ENERGYMAGAZINE.COM.AU – KIM HO

An incident in Victoria has shown the importance of Early Fault Detection (EFD) systems, with a broken conductor strand being identified before the powerline fell.

The EFD system, installed by Powercor on a 13,000V powerline in a high danger area at Porcupine Ridge near Daylesford, detected the breaking powerline in time for repairs by the company’s line crews.

Dr Alan Wong, CEO of Melbourne-based company IND Technology, which develops and sells EFD systems around the world, explained that the EFD system covering the Porcupine Ridge powerline first picked up indications of trouble in mid-April 2020.

An IND Technology team was able to confirm the breakage when it visited the site in mid-May.

“The company alerted Powercor, which immediately sent a crew to make the conductor safe, so it couldn’t fall or unravel further to create an electrocution risk from hanging strands of wire,” Dr Wong said.

“They came back and fully repaired it two days later.”

The EFD technology uses pole-mounted sensors every 5km.

It continuously monitors powerline networks to detect problems before they create serious safety risks, such as bushfires, locating them accurately within ten metres so crews can go directly to the problem and repair it.

IND Technology developed it with support from Deakin and RMIT Universities.

Local landowner, Michael Thorne, said he was very happy the problem had been found and fixed.

“I often walk through this paddock with the children and we look at the stock and the pasture but never think to look at the powerline above. If that strand had kept unravelling and one of us had walked into it, we could have been killed,” he said.

Mr Thorne is active in the local CFA and is very conscious of the fire risk of fallen powerlines.

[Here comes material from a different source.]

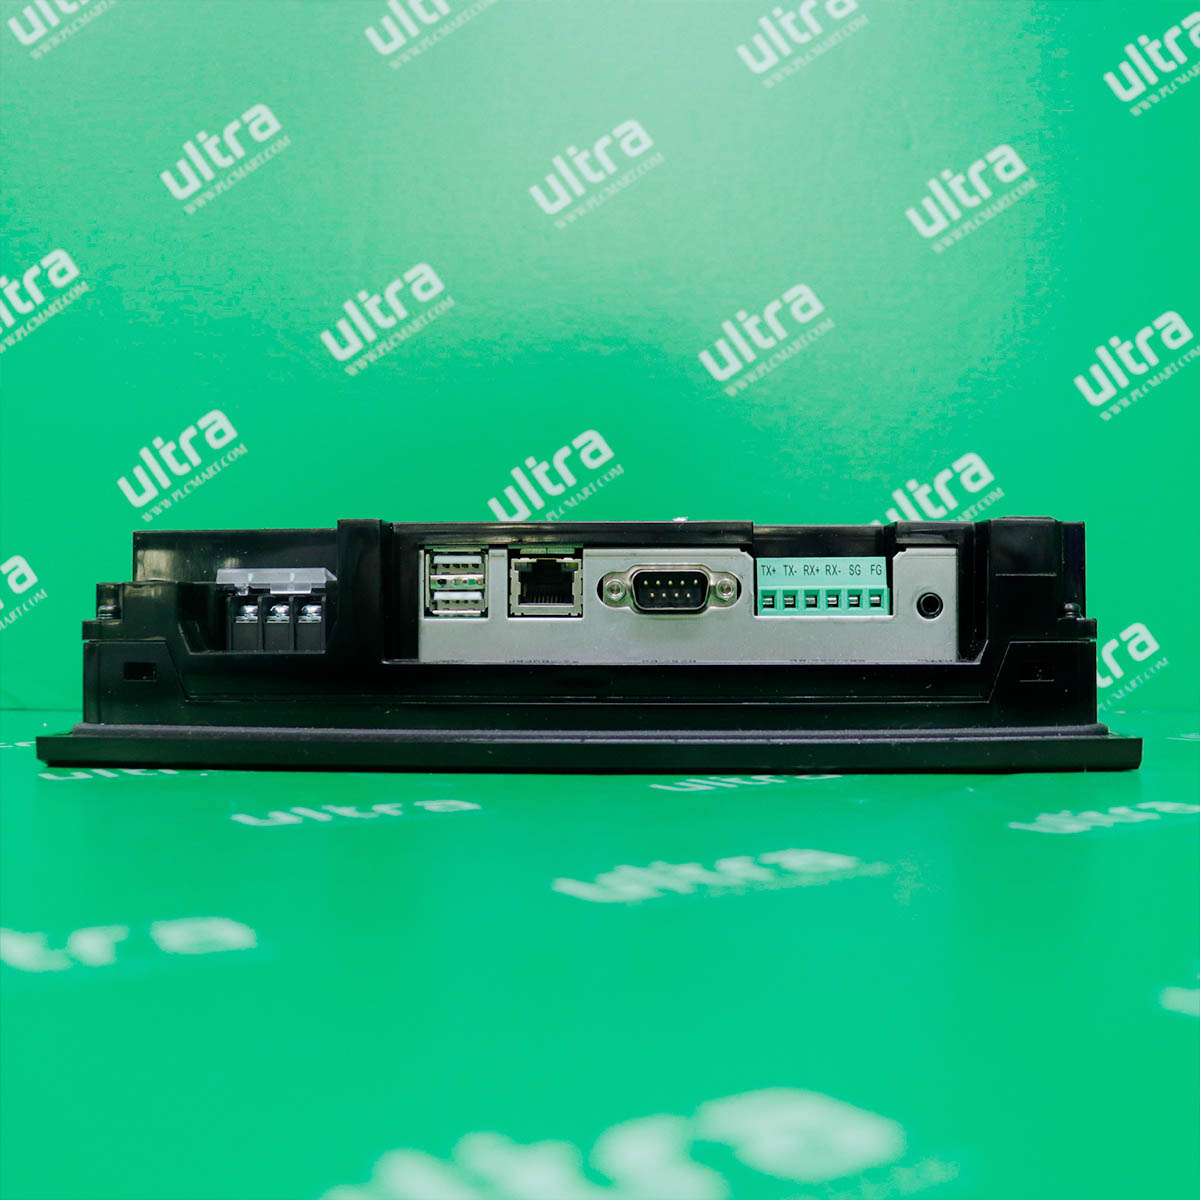 [미사용] iXP50-TTA/DC LS산전 8.4인치 터치스크린

“If a fire started under this powerline in the peak of Summer it would likely run up the hill to destroy our property and others further along Porcupine Ridge. An afternoon wind change would then likely drive it into the State Forest only a few hundred metres away. The outcome could be very bad.”

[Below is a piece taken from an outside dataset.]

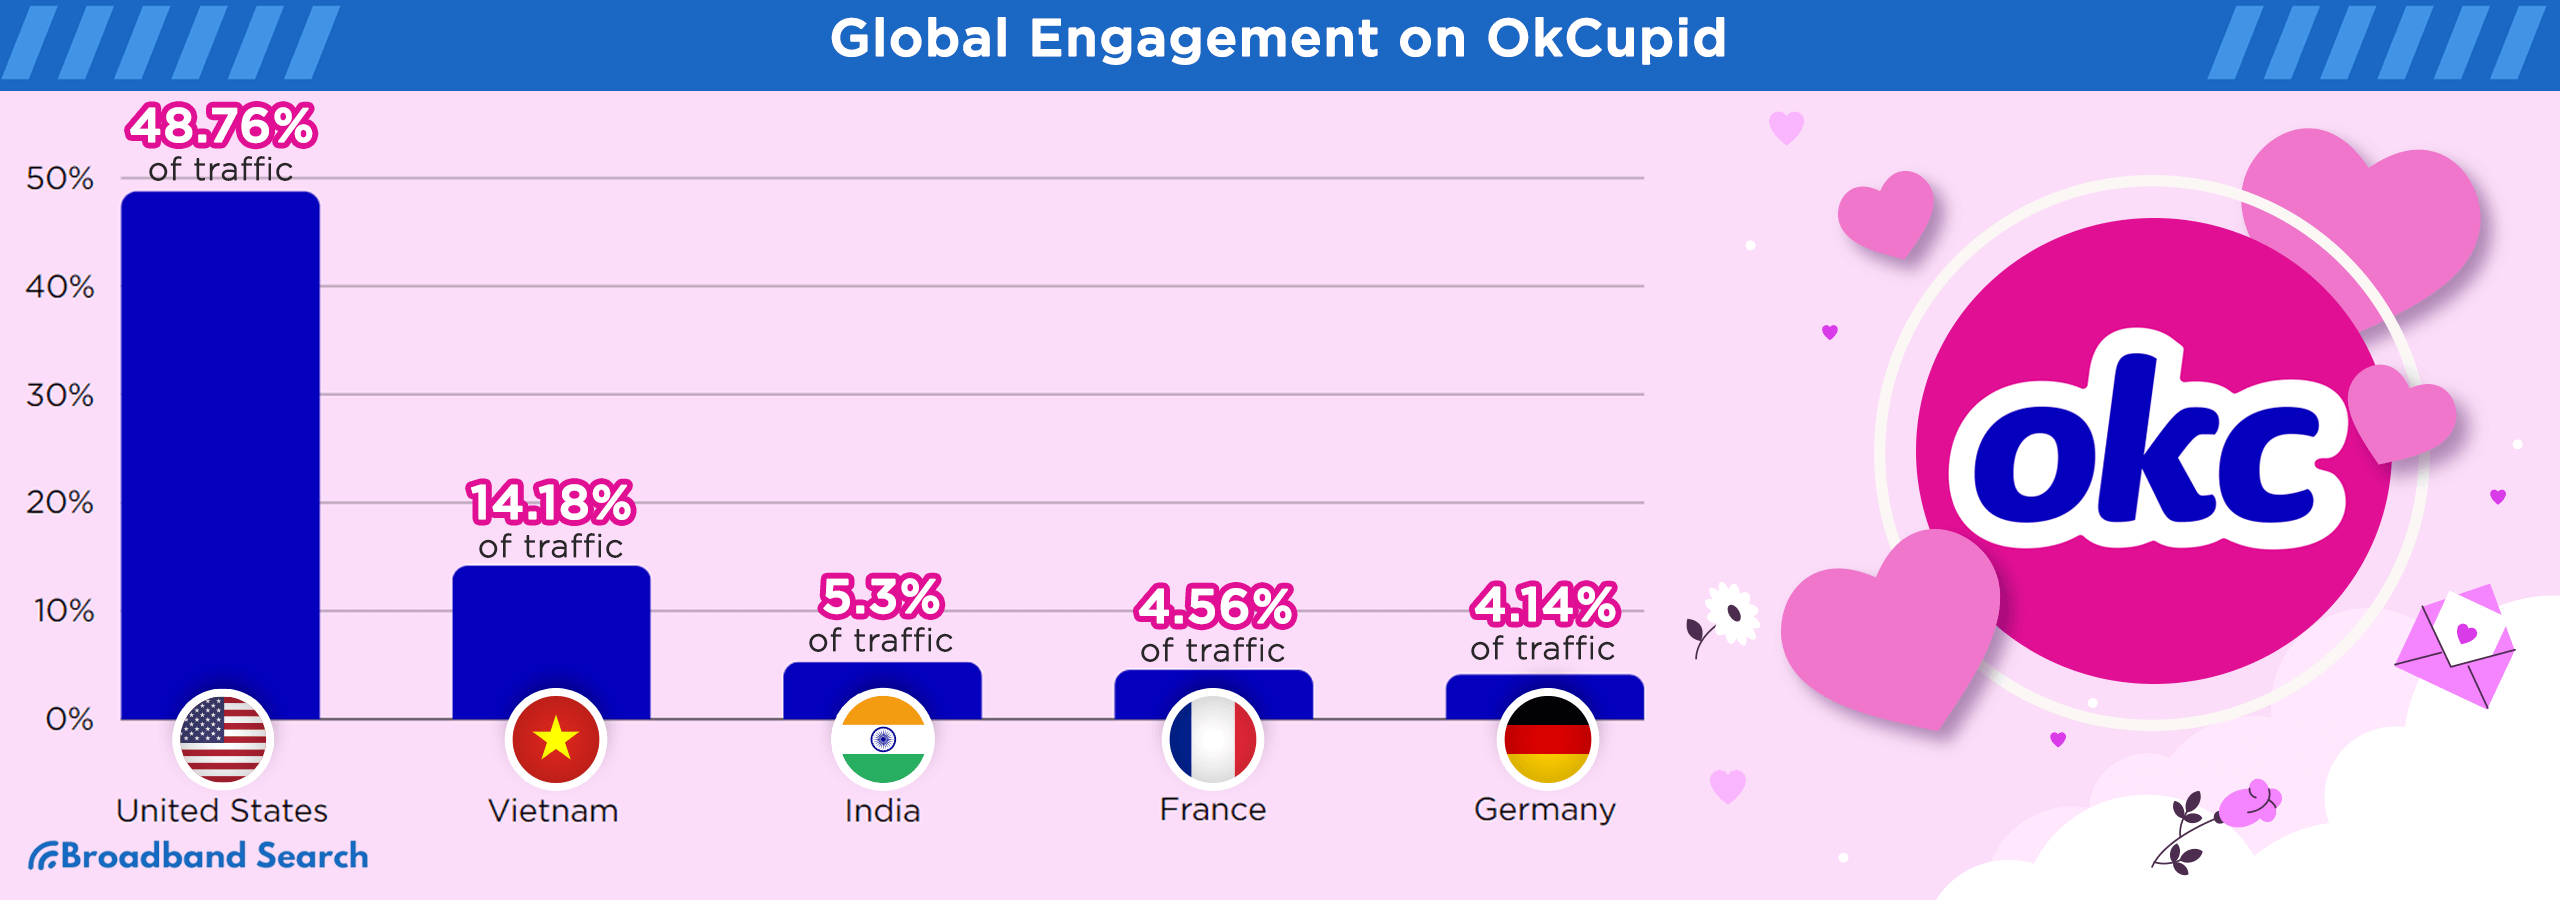 Global engagement on Okcupid

The line had been inspected just a few months earlier and would not have been inspected again until after two more fire seasons.

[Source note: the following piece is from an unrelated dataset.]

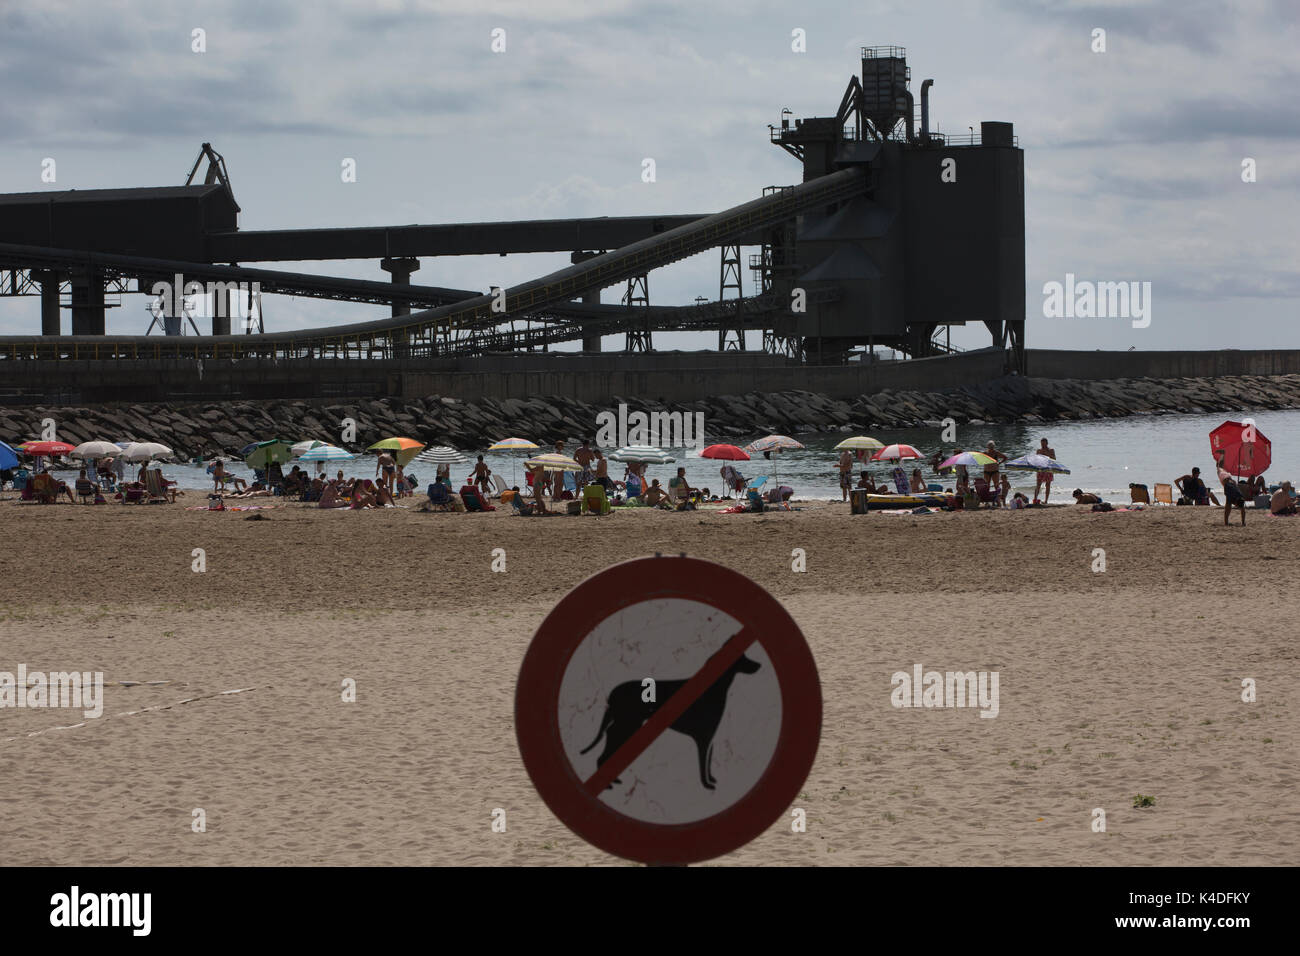 Los turistas disfrutan del verano a lo largo de la playa del Puerto de Alcanar, con vistas a los edificios industriales de la planta cementera Cemex, Alacanar, Tarragona, España Foto de stock

Broken conductor strands like this one were implicated in Victoria’s worst-ever powerline fire disaster, the Kilmore East Kinglake fire which killed more than 120 people on Black Saturday.

This marks the third powerline at risk of falling that EFD has found in a small-scale government-funded trial, covering less than half a per cent of Victoria’s high fire risk powerlines.

The results of the trial indicated all 30,000km of Victoria’s single-wire powerlines in high fire-risk areas could have EFD monitoring installed for about $30-40 million.

The trial finished 12 months ago in mid-2019, but IND Technology has kept the trial systems running.

Both AusNet and Powercor are taking over ownership of the trial systems on their networks and are committed to keep them running as they consider future use of EFD systems.

NSW network owner Endeavour Energy is installing a small trial of EFD on selected Blue Mountains powerlines.

Power industry research continues to report utility powerline monitoring using visual inspection at multi-year intervals is mainly driven by the incidence of conductor falls and that a reliable and cost-efficient means of assessment of the likelihood of conductor fall is urgently needed.